Two night earlier, I had stayed in a hotel in Montreal overnight. I have never paid much attention to the hand bars that they have for old people to get in and out of the tub. I found them helpful just getting in and out of the shower. So, I had come to the end of my bath and it was time to get out. I don’t have hand bars on my bathtub. Try as I might, I couldn’t push myself into an upright position. The combination of a slippery tub and a bad back was a toxic and dangerous situation. I rolled from side to side like a beached whale. If I had had my phone handy, I might have been tempted to call James MacEachern and ask him to drop by the neighborhood with his boom truck.The last of the water trickled out of the tub. I was able to grab my towel and dry off the sides of the tub and eventually extricate myself. Jeez, getting old sucks.

I won’t bore you with too many details of the full week. I did get a Covid test (negative) on day 2 (as prescribed in my Covid travel plan) and was able to go for an hour walk every day which was a great blessing.

A few observations.

I was awoken the first morning by the sounds of birds. It was a most beautiful sound. Oddly, I feel a new oneness with birds having eaten the brain of a Canada Goose and the eyeballs of a ptarmagin! I also noticed the rustling of leaves, the smell of new mown grass, the delectable aroma of lilacs, the hoot of an owl and the unmistakable sound of a bald eagle in search of food (or a mate!), deer in the meadow, the gurgling of the Brierly Brook, the gentle patter of raindrops and the flitting of a butterfly.
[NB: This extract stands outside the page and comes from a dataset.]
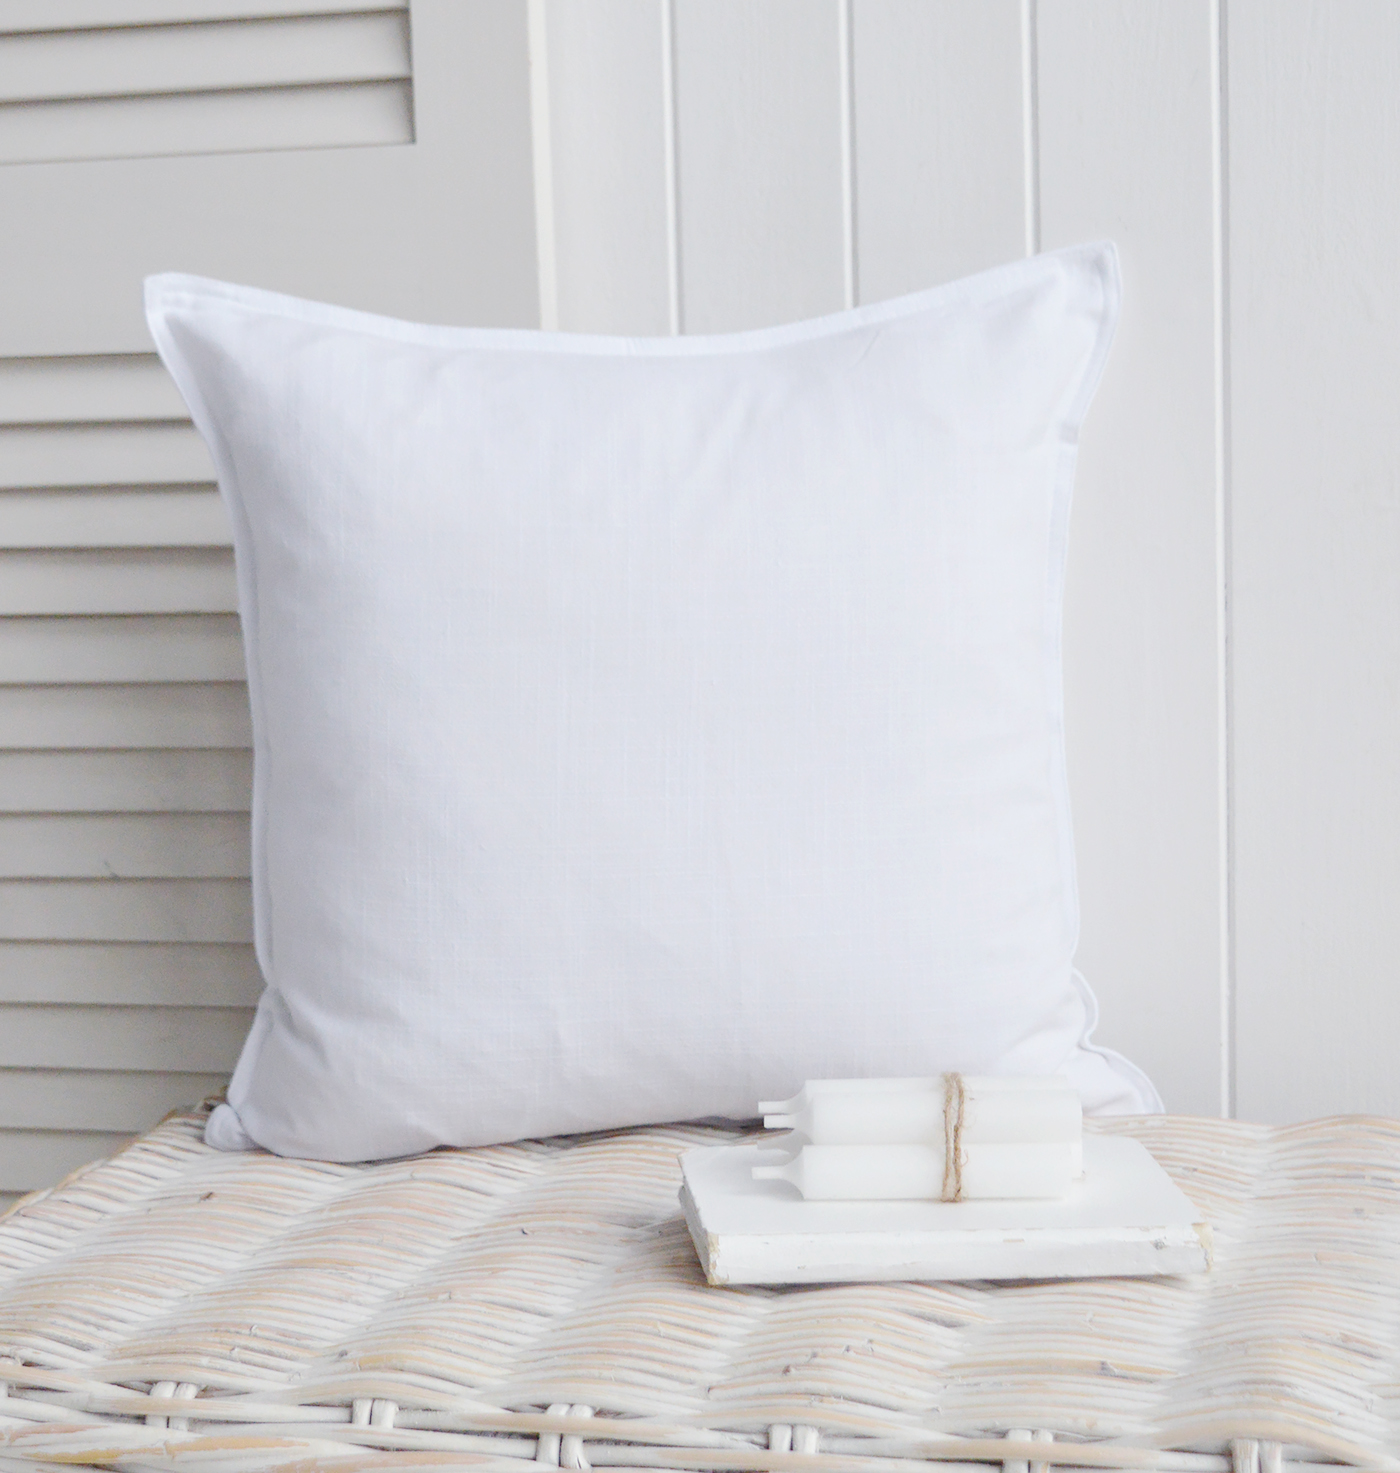 Hamilton white linen cushion cover to complement our range of coastal cushions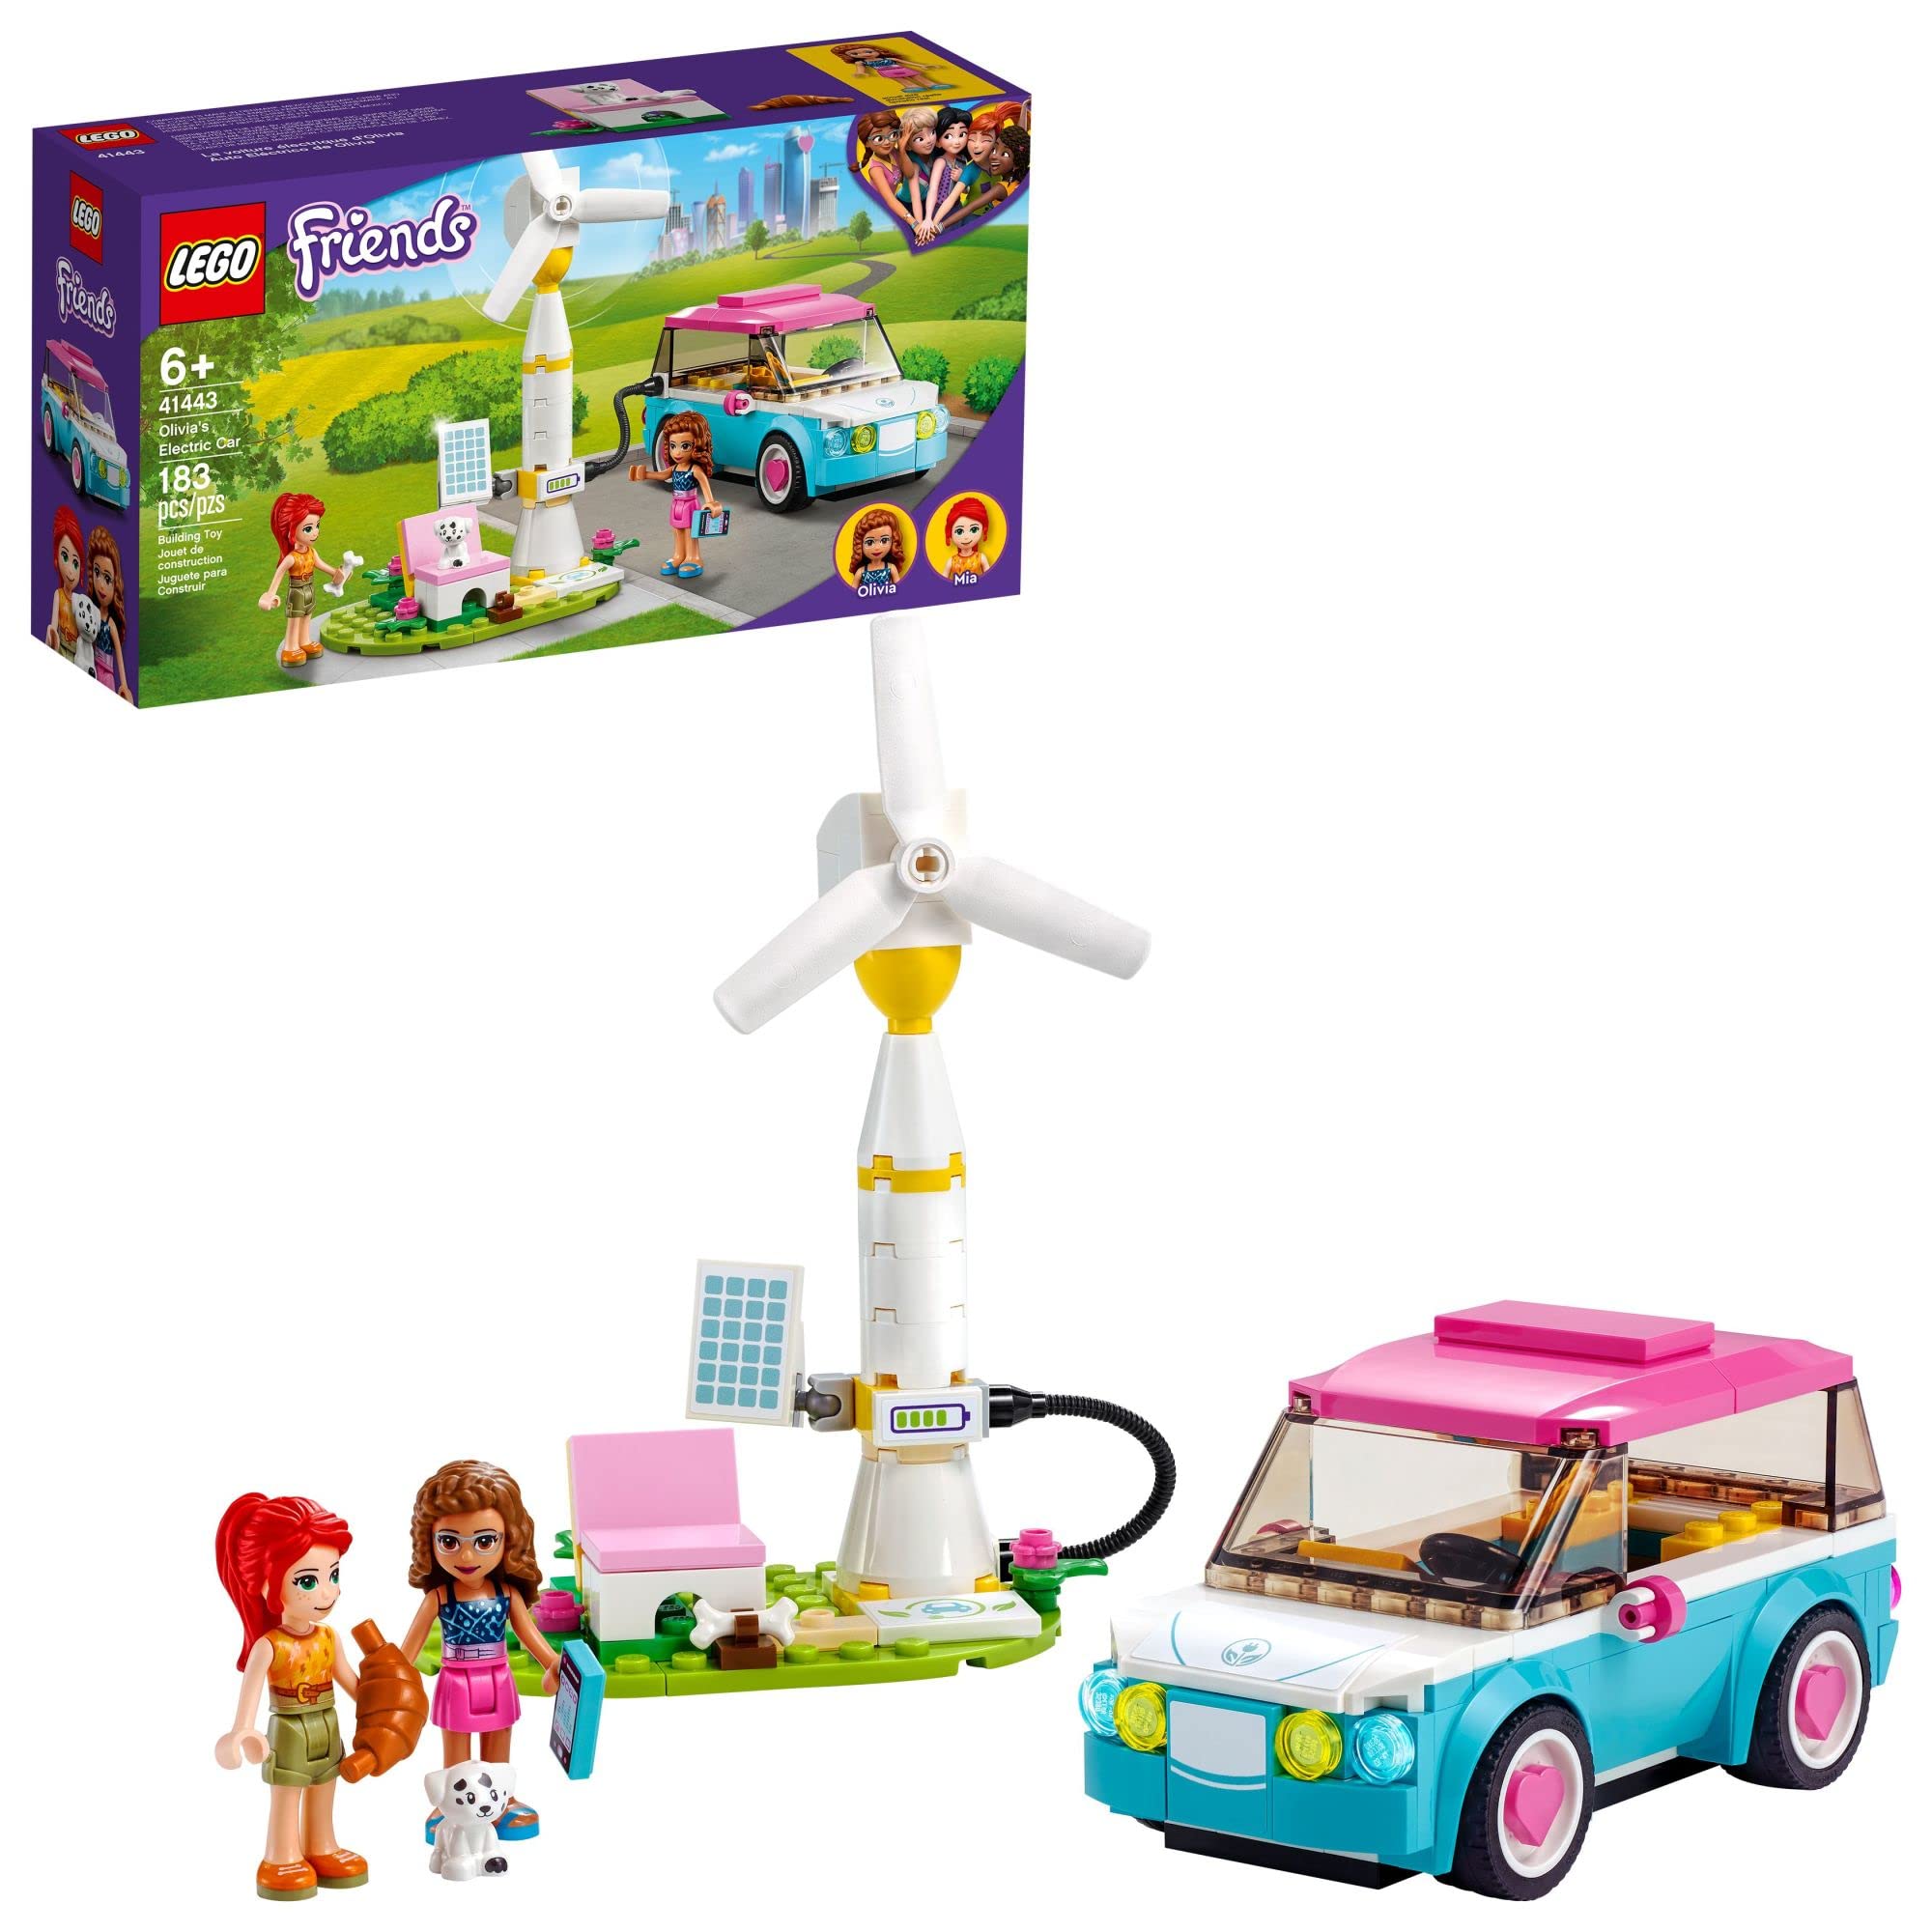 183-Piece LEGO Friends Olivia's Electric Car Toy $8.49 + Free Shipping w/ Prime or on

My glass is half full… more than half. Actually, it is overflowing with gratitude to have a safe and quiet place to decompress.

Beauty is indeed in the eye of the beholder. Just look around you.

My 4th quarantine has turned out to be a blessing and definitely not a curse.

Have a great week.

P.S. My work colleagues from the south had different departure dates. I was in the first group to leave. Last Thursday, one of my friends was scheduled to leave with her cat and dog. A blizzard highjacked those plans. Apparently, the cross-country skiing was excellent that day. Let that sink in.